Categories
machine-learning numpy numpy-ndarray one-hot-encoding python

Convert array of indices to one-hot encoded array in NumPy

326

Given a 1D array of indices:

a = array([1, 0, 3])

I want to one-hot encode this as a 2D array:

b = array([[0,1,0,0], [1,0,0,0], [0,0,0,1]])

0

    509

    Create a zeroed array b with enough columns, i.e. a.max() + 1.
    Then, for each row i, set the a[i]th column to 1.

    >>> a = np.array([1, 0, 3])
    >>> b = np.zeros((a.size, a.max() + 1))
    >>> b[np.arange(a.size), a] = 1
    
    >>> b
    array([[ 0.,  1.,  0.,  0.],
           [ 1.,  0.,  0.,  0.],
           [ 0.,  0.,  0.,  1.]])
    

    6

    • 14

      @JamesAtwood it depends on the application but I’d make the max a parameter and not calculate it from the data.

      Feb 8, 2016 at 20:40

    • 8

      what if ‘a’ was 2d? and you want a 3-d one-hot matrix?

      – A.D

      Oct 18, 2017 at 22:39

    • 14

      Can anyone point to an explanation of why this works, but the slice with [:, a] does not?

      – N. McA.

      Feb 16, 2018 at 19:40

    • 4

      @ A.D. Solution for the 2d -> 3d case: stackoverflow.com/questions/36960320/…

      Sep 29, 2018 at 2:37

    • You can also use scipy.sparse.

      – mathtick

      Apr 8, 2019 at 20:17

    252

    >>> values = [1, 0, 3]
    >>> n_values = np.max(values) + 1
    >>> np.eye(n_values)[values]
    array([[ 0.,  1.,  0.,  0.],
           [ 1.,  0.,  0.,  0.],
           [ 0.,  0.,  0.,  1.]])
    

    6

    • 15

      This solution is the only one useful for an input N-D matrix to one-hot N+1D matrix.

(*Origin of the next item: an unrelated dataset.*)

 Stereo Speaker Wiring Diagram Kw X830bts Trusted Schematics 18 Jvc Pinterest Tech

Example: input_matrix=np.asarray([[0,1,1] , [1,1,2]]) ; np.eye(3)[input_matrix] # output 3D tensor

      – Isaías

      Mar 21, 2017 at 16:06


    • 10

      +1 because this should be preferred over the accepted solution. For a more general solution though, values should be a Numpy array rather than a Python list, then it works in all dimensions, not only in 1D.

      – Alex

      Oct 21, 2017 at 20:32

    • 14

      Note that taking np.max(values) + 1 as number of buckets might not be desirable if your data set is say randomly sampled and just by chance it may not contain max value. Number of buckets should be rather a parameter and assertion/check can be in place to check that each value is within 0 (incl) and buckets count (excl).

      Jan 19, 2018 at 3:46

    • 3

      To me this solution is the best and can be easily generalized to any tensor: def one_hot(x, depth=10): return np.eye(depth)[x]. Note that giving the tensor x as index returns a tensor of x.shape eye rows.

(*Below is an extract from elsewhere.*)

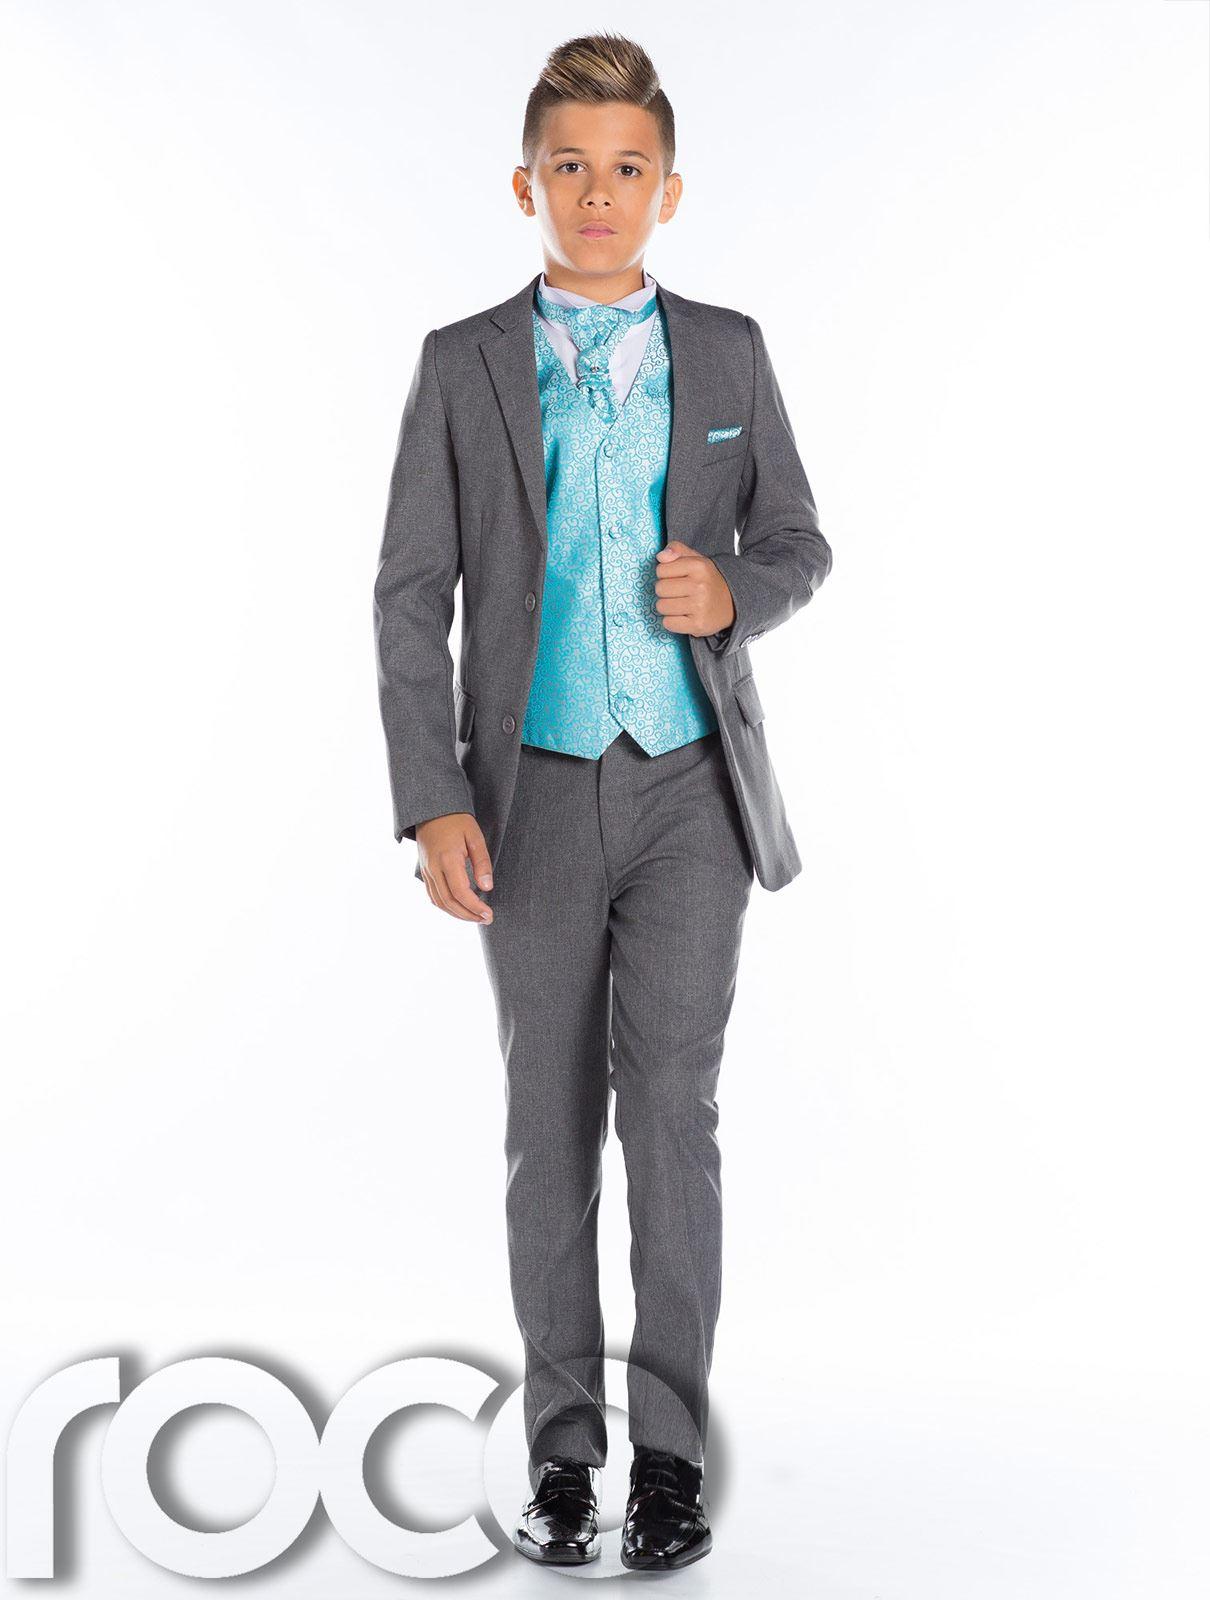 jungen hochzeitsanzug seite anzug grauer grau schmal passform krawatte ebay. Black Bedroom Furniture Sets. Home Design Ideas

      Mar 27, 2018 at 7:37


    • 9

      Easy way to “understand” this solution and why it works for N-dims (without reading numpy docs): at each location in the original matrix (values), we have an integer k, and we “put” the 1-hot vector eye(n)[k] in that location. This adds a dimension because we’re “putting” a vector in the location of a scalar in the original matrix.

      – avivr

      Sep 24, 2019 at 14:08

    51

    In case you are using keras, there is a built in utility for that:

    from keras.utils.np_utils import to_categorical   
    
    categorical_labels = to_categorical(int_labels, num_classes=3)
    

    And it does pretty much the same as @YXD’s answer (see source-code).